L'Union européenne pourrait agir davantage pour le maintien des prairies, très avantageux pour la biodiversité – dans un hectare de prairie, on dénombre 60 à 80 espèces végétales différentes, contre trois dans un hectare de maïs –, mais aussi en ce qui concerne les réserves d'eau en cas de pluies ou d'inondations, la trames vertes et bleues, le piégeage des nitrates et le stockage du carbone. Or l'écart des primes entre un hectare de prairie et un hectare de maïs continue à être très défavorable au premier. Je préférerais que les agriculteurs français soient rémunérés par l'intégration du prix du carbone stocké dans la prime à l'hectare de prairie plutôt que par une prime triple – sans compter le subventionnement du drainage et de l'irrigation – quand ils le plantent en maïs.

Un des problèmes liés à la directive sol est l'étalement urbain et l'artificialisation des sols. Je rappelle qu'il n'y aura plus d'agriculture en Martinique en 2050 et que 80 000 hectares disparaissent chaque année en France. C'est peut-être la principale cause de disparition de la biodiversité.

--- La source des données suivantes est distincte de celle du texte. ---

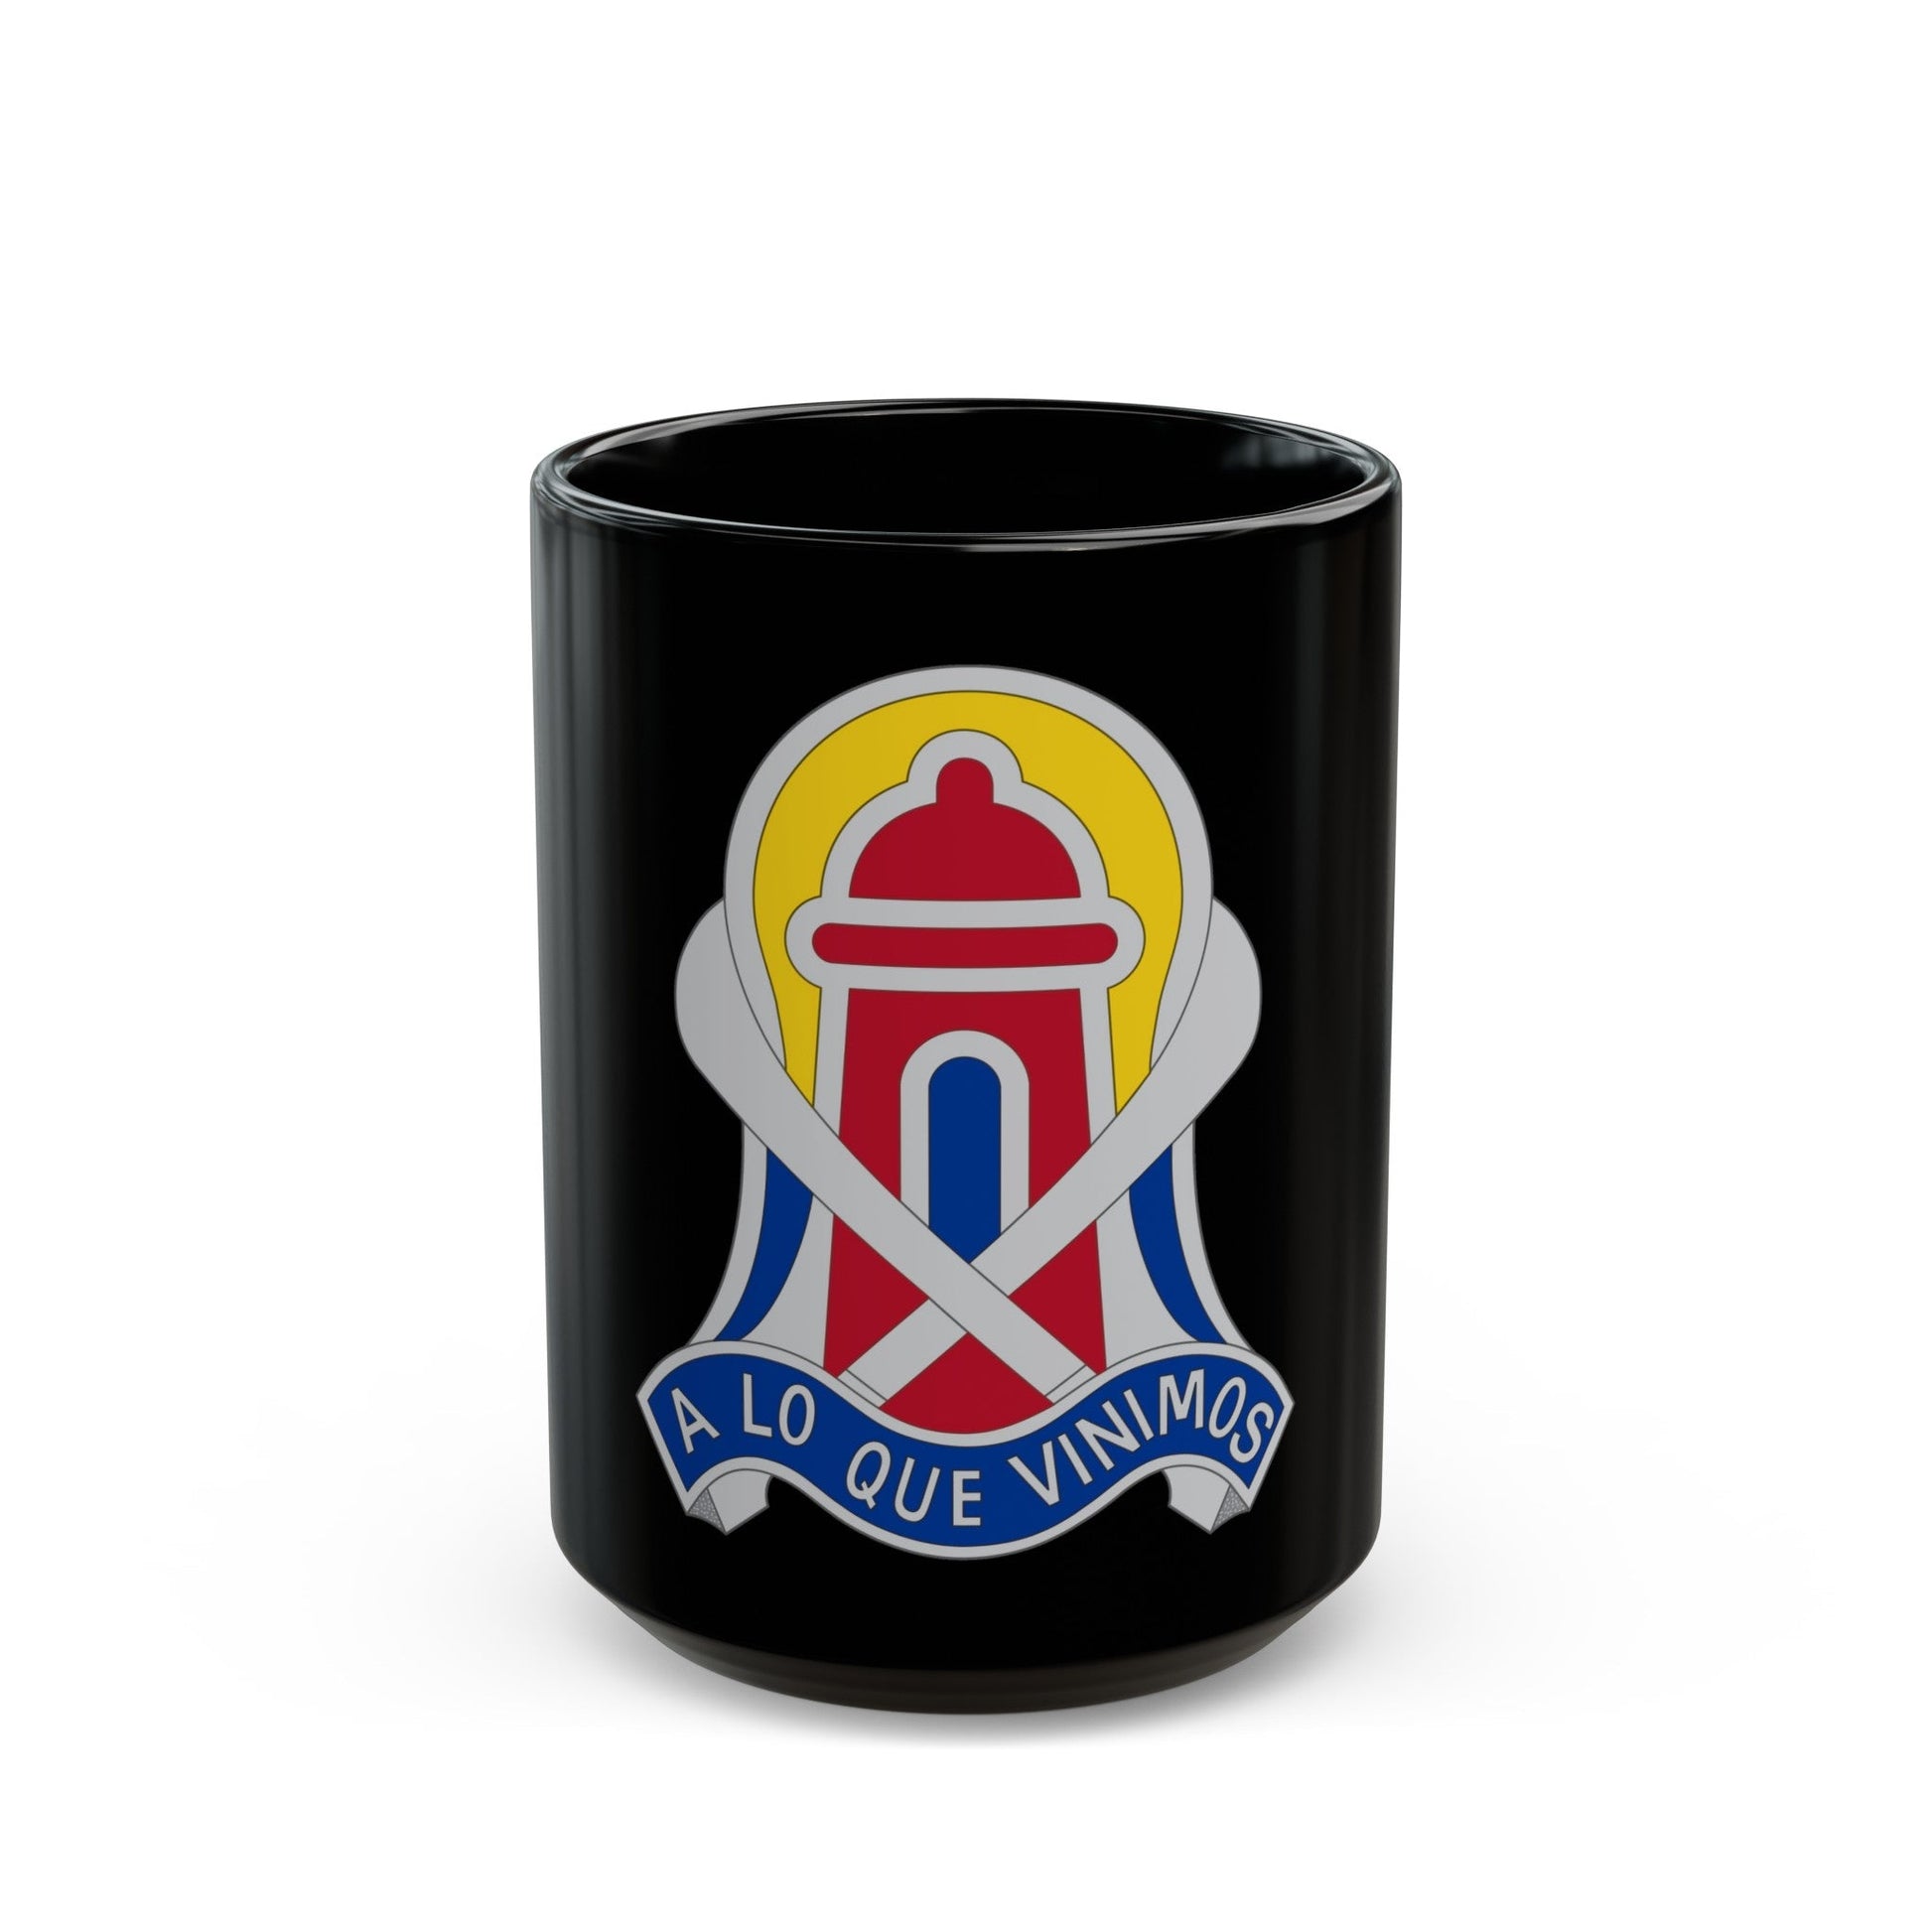 92 Military Police Brigade 2 (U.S. Army) Black Coffee Mug-15oz-The Sticker Space

Les départements d'outre-mer reçoivent des fonds communautaires sans être soumis à beaucoup de directives européennes environnementales. Les directives Habitat et Oiseaux ne s'y appliquent pas alors qu'ils sont beaucoup plus riches que la métropole en matière de biodiversité. S'il ne faut peut-être pas appliquer ces textes dans ces territoires pour des raisons de sensibilité politique ou de différence écologique, des mesures de protection devraient quand même prévaloir. Quant à l'orpaillage, au-delà de ce que vous avez dit, il n'engendre aucune retombée économique ou fiscale et pose des problèmes d'insécurité, avec assassinats et traite d'êtres humains.

Le problème ne tient pas au subventionnement de la pêche mais à la forme que prennent les subventions, qui conduit à favoriser la pêche intensive et le chalutage, au travers de la défiscalisation du carburant. Mon rapport fait d'ailleurs la distinction entre les subventions favorables, neutres et dommageables dans ce domaine.

En matière de communication, je suis interloqué par le décalage, en France, entre l' attention portée au changement climatique et celle bénéficiant à la biodiversité. Dans les pays anglo-saxons, au contraire, les deux problèmes sont considérés de même importance.

Les aides fléchées sur l'action pour le climat pourraient porter davantage sur l' adaptation que sur l'atténuation, sachant que les projets d'adaptation sont souvent mixtes et également favorables à la biodiversité.

L'écotourisme pourrait également être développé. Une réforme importante a eu lieu récemment en France, avec le passage de ce domaine sous la coupe des affaires étrangères : le ministre a annoncé un plan de développement reposant sur des pôles, dont un consacré à ce secteur. Notre pays pourrait faire beaucoup plus ; ce serait utile économiquement, d'autant que certaines activités pourraient avoir lieu hors saison, comme l' observation des oiseaux.

Enfin, le Centre thématique européen sur la diversité biologique étant une des rares institutions européennes implantées en France, une visite de votre Commission sur place serait intéressante et utile, d'autant que cette localisation est régulièrement mise en cause.